Is Social Distancing & Staying At Home Actually Impacting Climate Change?

Photo: Joe Raedle/Getty Images.
Earth Day 2020 is taking on a very different tone than anyone anticipated. In years past, we would have been encouraged to get outside, bring friends, and participate in a community-minded group activity such as cleaning up a beach or planting trees. This year, we might take an extra moment to appreciate springtime as we go out for an essential grocery trip or socially-distanced walk.
As millions around the world stay home to reduce the impact of the coronavirus, it can be hard to imagine celebrating the Earth while so many people are stuck indoors; however, by being homebound, we inadvertently reduced the impact we have on the environment in a major way.
Since many major cities around the world are in some form of lockdown, people have significantly reduced how much they drive, more people are working from home, and general consumption habits have drastically changed.
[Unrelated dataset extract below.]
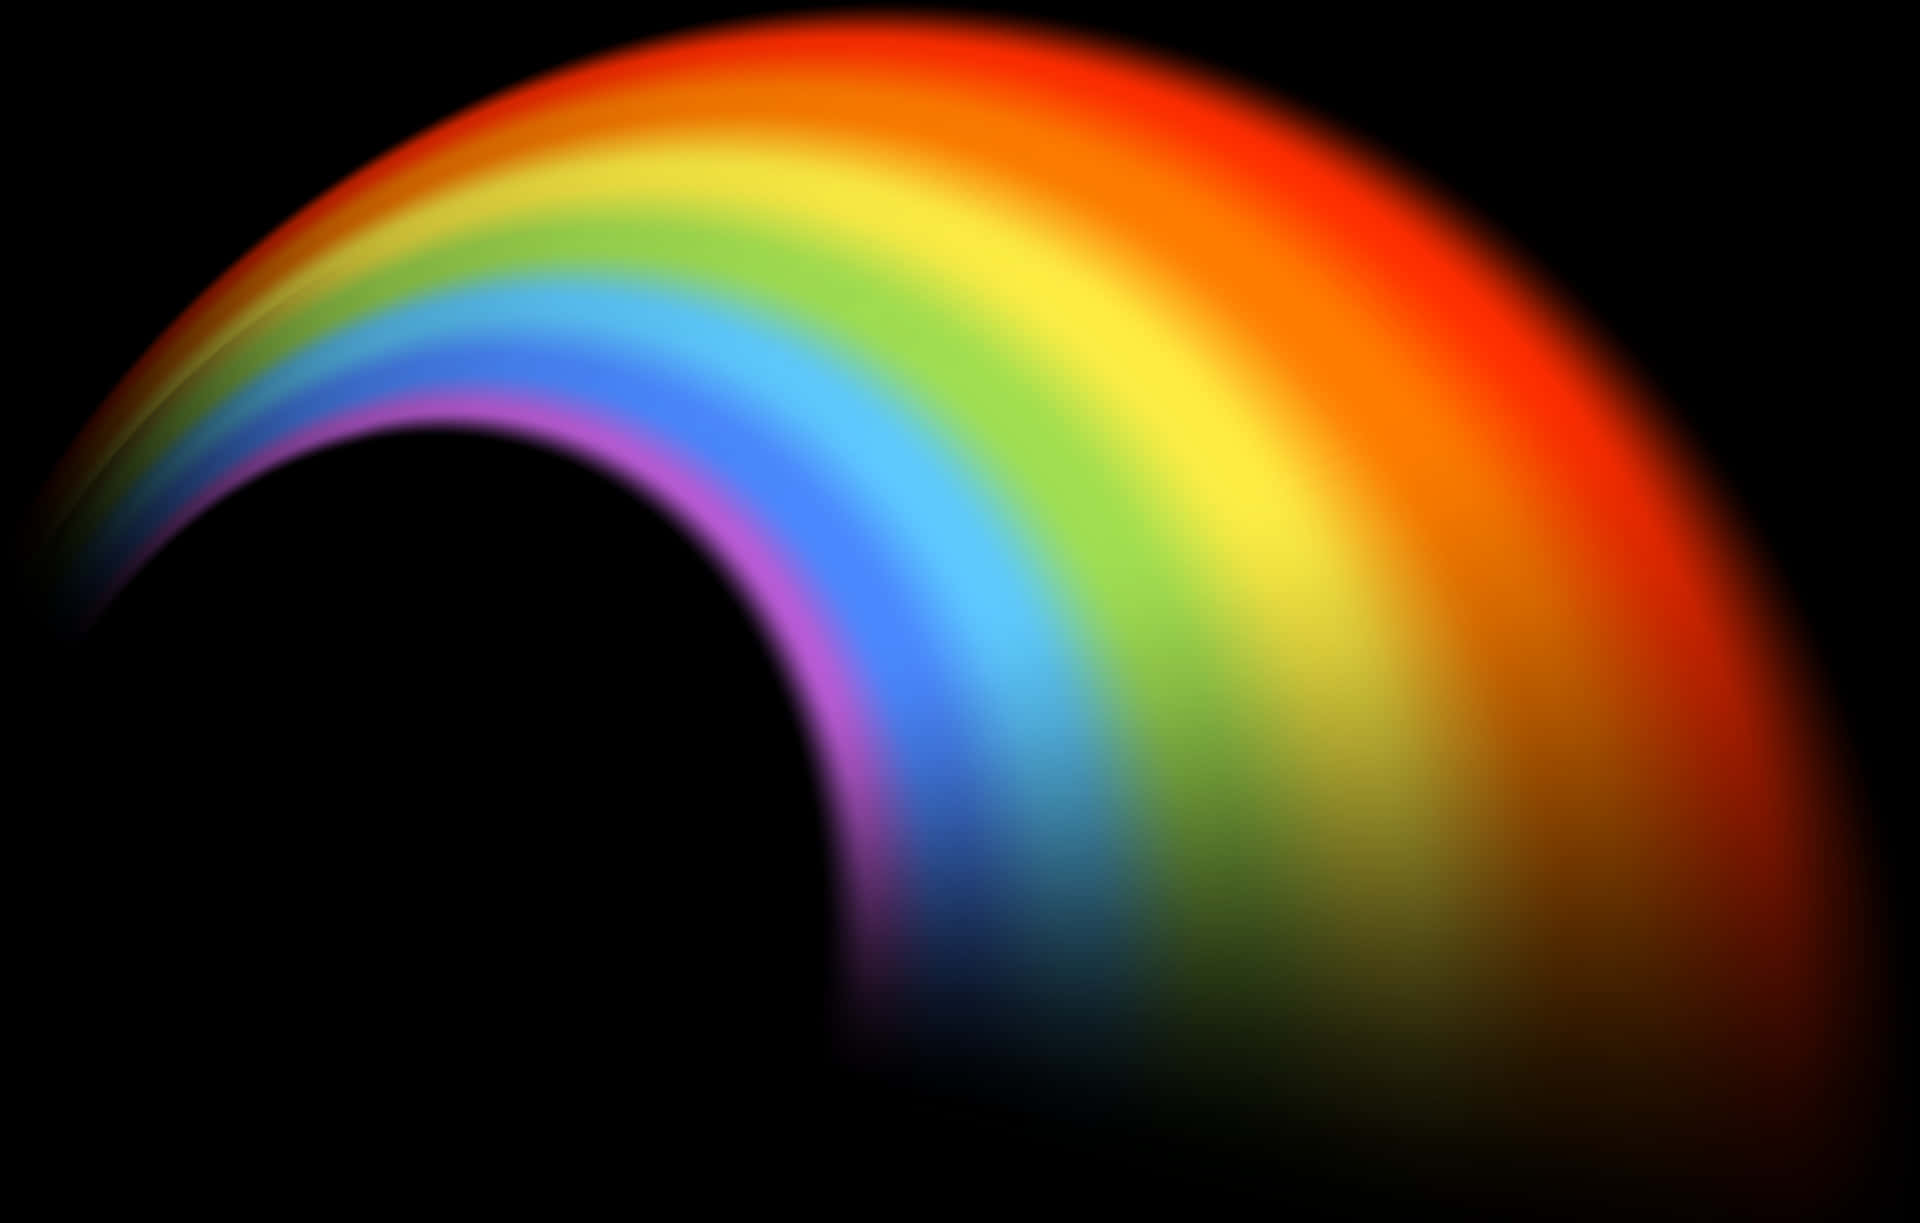 Vibrant Rainbow Arc Black Background PNG image

For the masses, movement in general have translated to the biggest emissions changes. Carbon monoxide and other gas emissions are markedly lower. The U.S. Energy Information Administration estimates U.S. emissions from gas and energy use could drop more than 7% in 2020. These numbers are similar to a 2009 decline during the recession. 
The reduction of an individual’s carbon footprint widely varies depending on where they live. Fifty percent of Americans live in suburbs or rural areas reports the New York Times. In Canada, of the 80% of us who live in or near large cities, most live in the suburbs. No commute translates to a huge reduction in driving. And, for those who live in urban areas, the majority use public transportation a reduction in train and bus schedules to meet the needs of essential workers has also impacted everything from emissions to waste production outdoors.
But, how is this actually impacting the greater movement of combating climate change? In some places, the changes are already noticeable. Los Angeles, which has been under strict lockdown orders with the rest of the state since March 19, reported some of the cleanest air of any major city in the world. It is the longest stretch of “good” air quality the Environmental Protection Agency has reported in Los Angeles since 1995. In Venice, Italy, satellite photos show drastically clearer water and better air quality now that the canals are less trafficked. According to researchers in New York, CO2, mainly from cars, is down 50% compared to this time last year. 
Still, this isn’t a perfect system. There are trade-offs. People may be driving and flying less, but they are using more electricity and gas at home. Those who would normally turn down their thermostats and turn the lights off while they are at the office are now keeping them on as their homes become their offices which translates to more greenhouse gas emissions. This is unlikely to overshadow the gains made in the overall impact of lack of commuting and the general slowdown of the economy.
This isn’t the first time that global disasters have translated to a temporary decline in carbon emissions, either. In 2008, the recession caused a temporary dip in emissions as well, reports the Scientific American. This was short-lived. Afterward, emissions shot up by 5% as a result of stimulus spending that increased the use of fossil fuel. The same could be said for our current decline in emissions. Any significant change we see now could possibly be offset depending on how world governments decide to reinvigorate their economies as they lift quarantine sanctions.